La transition énergétique et les différents plans gouvernementaux pour des émissions nettes nulles ont incité les analystes à prévoir, il y a seulement quelques années, que le pic de la demande de pétrole se produirait plus tôt que prévu. Toutefois, compte tenu des tendances actuelles en matière d’investissement dans le pétrole et le gaz, l’offre mondiale de pétrole pourrait atteindre son pic plus tôt que la demande mondiale, ce qui créerait un déficit d’offre qui entraînerait une volatilité accrue sur le marché du pétrole, avec des pics de prix, et, potentiellement, des prix du pétrole structurellement plus élevés au milieu de cette décennie et au-delà.
L’offre pourrait plafonner avant la demande
« Sur la base des tendances actuelles, l’offre mondiale de pétrole est susceptible de plafonner encore plus tôt que la demande », écrit le département de recherche de Morgan Stanley dans une note de cette semaine reprise par Reuters.
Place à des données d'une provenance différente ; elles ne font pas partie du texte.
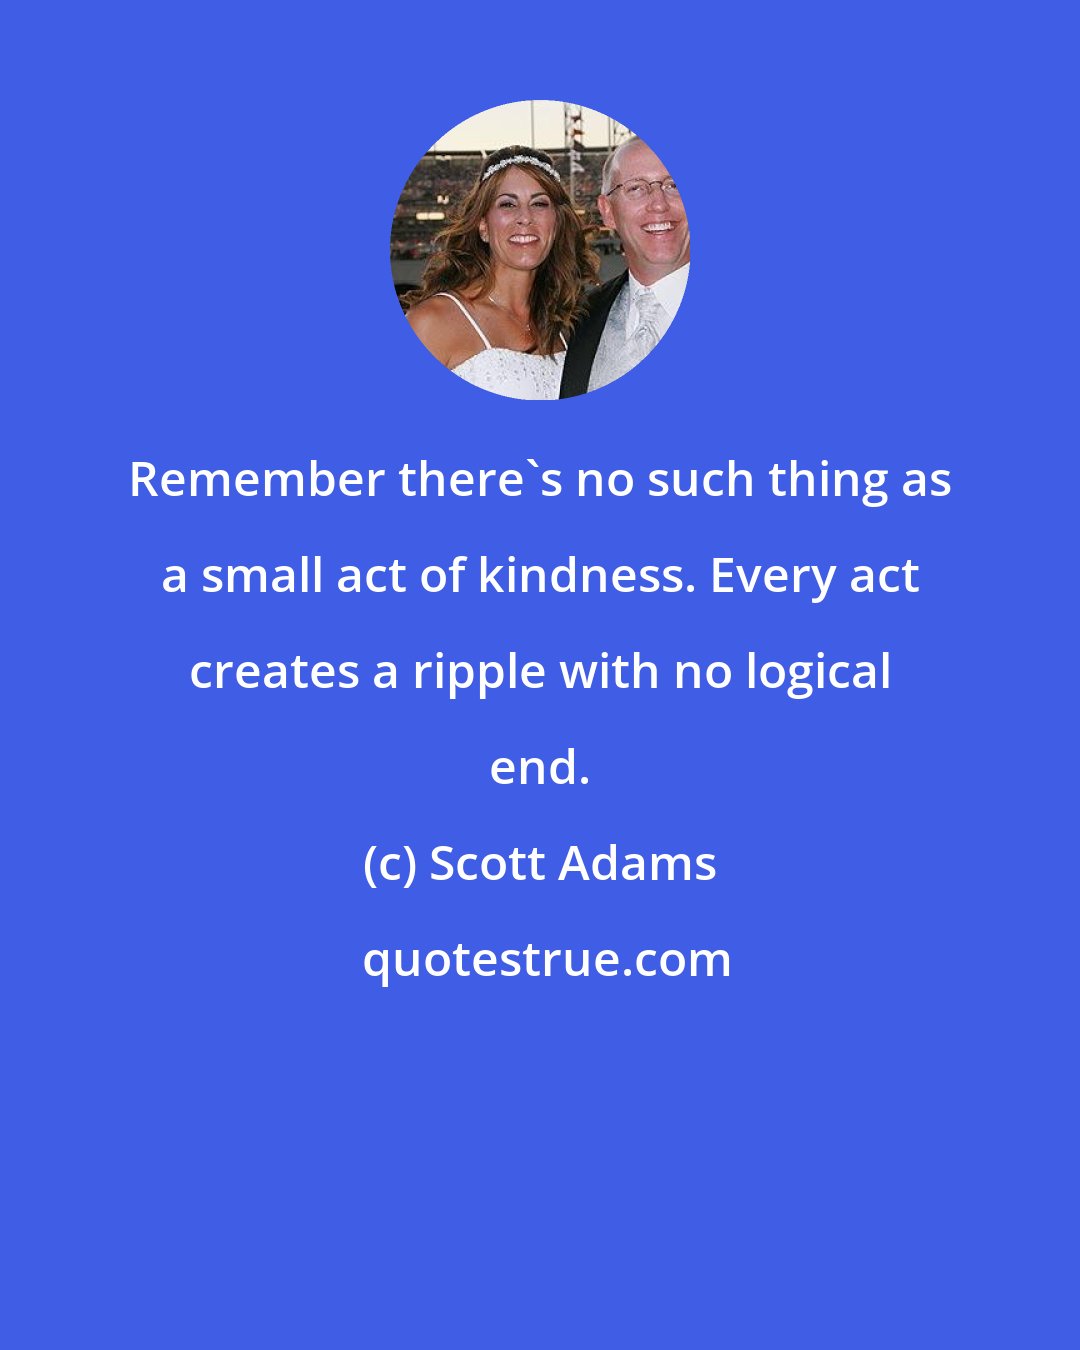 Scott Adams: Remember there's no such thing as a small act of kindness. Every act creates a ripple with no logical end.

« La planète met des limites à la quantité de carbone qui peut être émise en toute sécurité. Par conséquent, la consommation de pétrole doit atteindre un pic », ont déclaré les analystes de Morgan Stanley.
Le problème dans le monde est que la consommation de pétrole – à cause de vœux pieux, de la pression des investisseurs et autres – n’atteint pas son pic. Elle n’atteindra pas non plus ce pic avant la fin de cette décennie, au plus tôt, selon la plupart des estimations.
L’OPEP prévoit que la demande mondiale de pétrole continuera de croître jusqu’au milieu des années 2030 pour atteindre 108 millions de barils par jour (bpj), après quoi elle devrait plafonner jusqu’en 2045, selon les dernières perspectives annuelles du cartel. D’autres analystes prévoient un pic de la demande vers à la fin des années 2020.
Les investissements dans de nouvelles sources d’approvisionnement sont toutefois très en retard sur la croissance de la demande mondiale de pétrole.
La demande augmente à nouveau après la crise du COVID de 2020 et, contrairement à certaines prévisions du début des années 2020 selon lesquelles la consommation mondiale de pétrole ne retrouverait jamais les niveaux d’avant la pandémie, la demande est actuellement à quelques mois seulement d’atteindre et de dépasser ces niveaux.
Le déficit de l’offre se profilera dans seulement quelques années
L’offre, quant à elle, semble limitée au-delà de l’horizon de l’accord OPEP+.
L’année dernière, les nouveaux investissements ont chuté à leur plus bas niveau depuis dix ans et demi. L’année dernière, les investissements mondiaux en amont ont chuté à 350 milliards de dollars, leur plus bas niveau depuis 15 ans, selon les estimations de Wood Mackenzie datant du début de l’année.
On ne s’attend pas non plus à ce que les investissements augmentent sensiblement cette année, malgré un pétrole à 80 dollars. Cela s’explique par le fait que les supermajors s’en tiennent à la discipline en matière de capital et s’engagent à atteindre des objectifs d’émissions nettes nulles, que certains d’entre eux prévoient d’atteindre en réduisant les investissements et les développements dans les nouveaux projets pétroliers non essentiels et peu rentables.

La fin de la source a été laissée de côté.